Assessment of essential newborn care practices

In determining good essential newborn practices, composite indices were created: (i) Safe cord care (defined as use of a clean cutting instrument to cut the umbilical cord plus clean thread to tie the cord plus no substance applied to the cord); (ii) Optimal thermal care (defined as baby wrapped within 10 min of birth plus baby being dried/wiped immediately after birth); and (iii) Good neonatal feeding practices (defined as initiating breastfeeding within the first 1 h after birth, plus no prelacteal given and colostrum fed to the child). These composite variables were then dichotomized to Yes (all practices present) or No (one or more practices missing).

Assessment of negative maternal and newborn care health (MNCH) rituals and beliefs

Potential negative maternal and newborn care health (MNCH) rituals and beliefs were assessed using the Likert-type of questions which elicited responses from respondents on their position regarding different rituals and birthing practices. Respondents were specifically asked how much they agree or disagree with the following statements:

  1. i.

    A woman who is pregnant for the first time should only seek ANC services after she has announced her pregnancy to the community (Prisibu).

  2. ii.

    Charcoal, oil, cow dung, a concoction or cosmetic pomades should be applied to help heal the cord of newborns.

  3. iii.

    Before a woman in labor can go to the facility to deliver, the gods or ancestors should be consulted.

  4. iv.

    A woman who delivers her baby at home is more of a “real woman” than a woman who delivers in a health facility.

  5. v.

    After the birth of a baby, the mother should not go to the health facility until the naming ceremony has been performed.

Data Collection

The data were collected using predesigned and pretested semi-structured questionnaire. Targeted eligible women were interviewed in the local language in their homes. Data collected included socio-economic conditions of household, nutritional status, maternal and newborn care practices, and health services utilization.
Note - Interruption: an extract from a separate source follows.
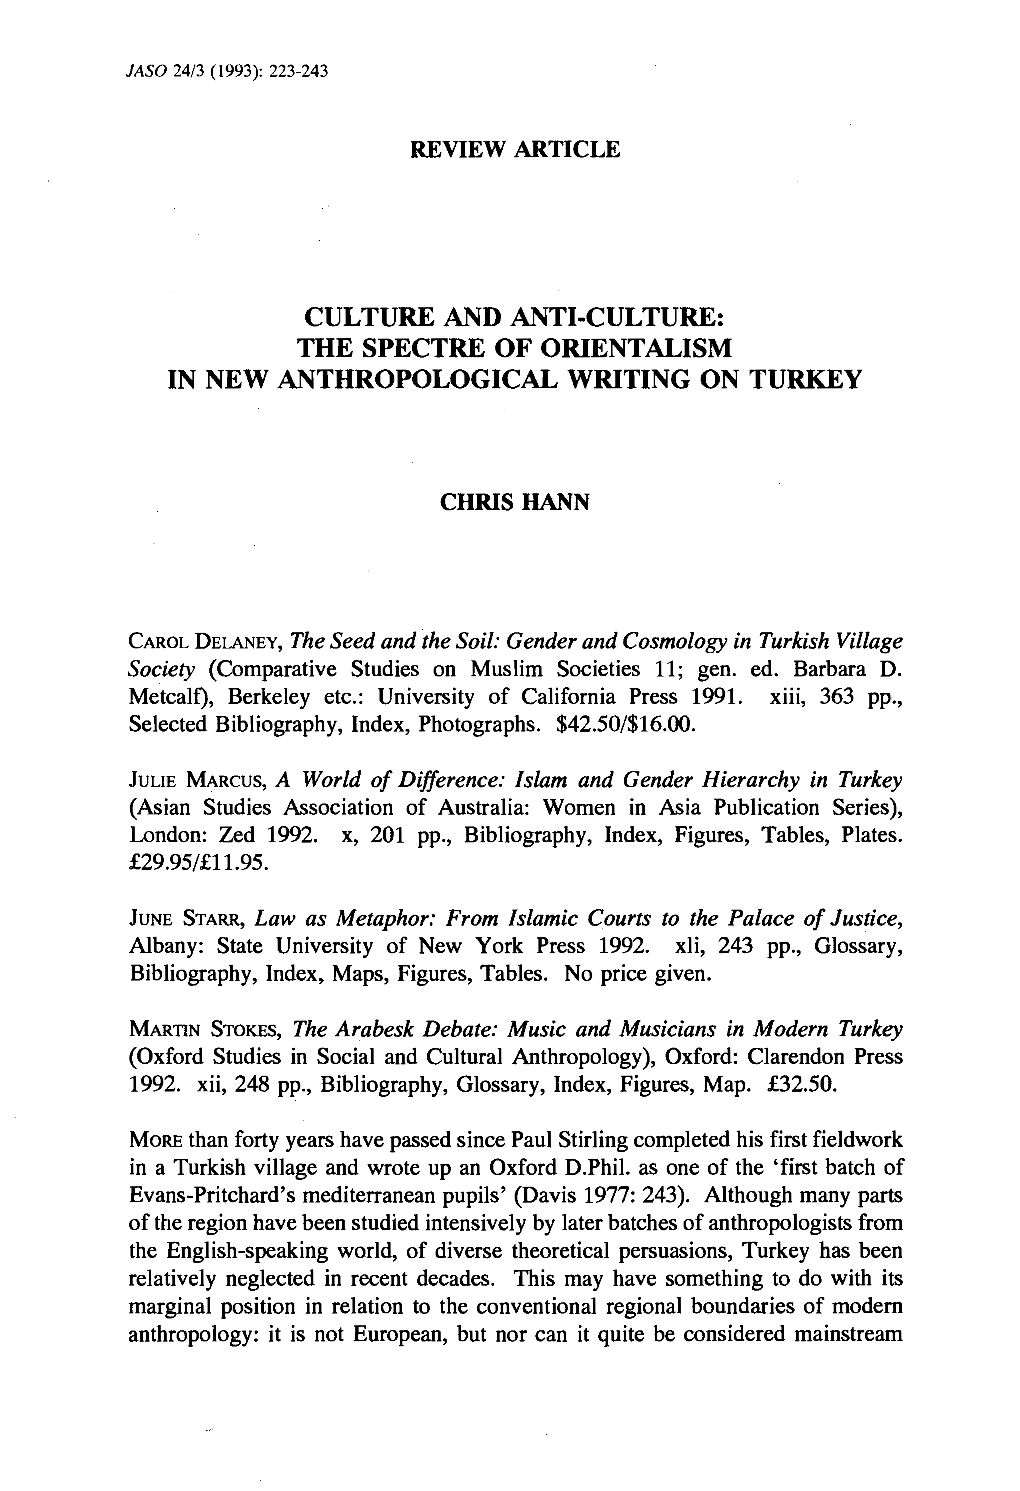 The Spectre of Orientalism in New Anthropological Writing on Turkey

In order to ensure reliability and validity of data collected, all field assistants with a minimum qualification of Senior High School were given training for 3 days. The content of the training included objectives and methodology, standard measurement procedures, data recording, recruitment, administration of questionnaires and supervision.

Data Analysis

The analysis of data took into account the complex design of multi-stage cluster surveys. All quantitative data were coded for statistical analysis using SPSS Complex Samples module for windows 18.0 (SPSS Inc, Chicago). This was done in order to make statistically valid population inferences and computed standard errors from sample data. Design weights were added to each region’s sample data (that is, total population divided by number of respondents) to perform weighted analysis.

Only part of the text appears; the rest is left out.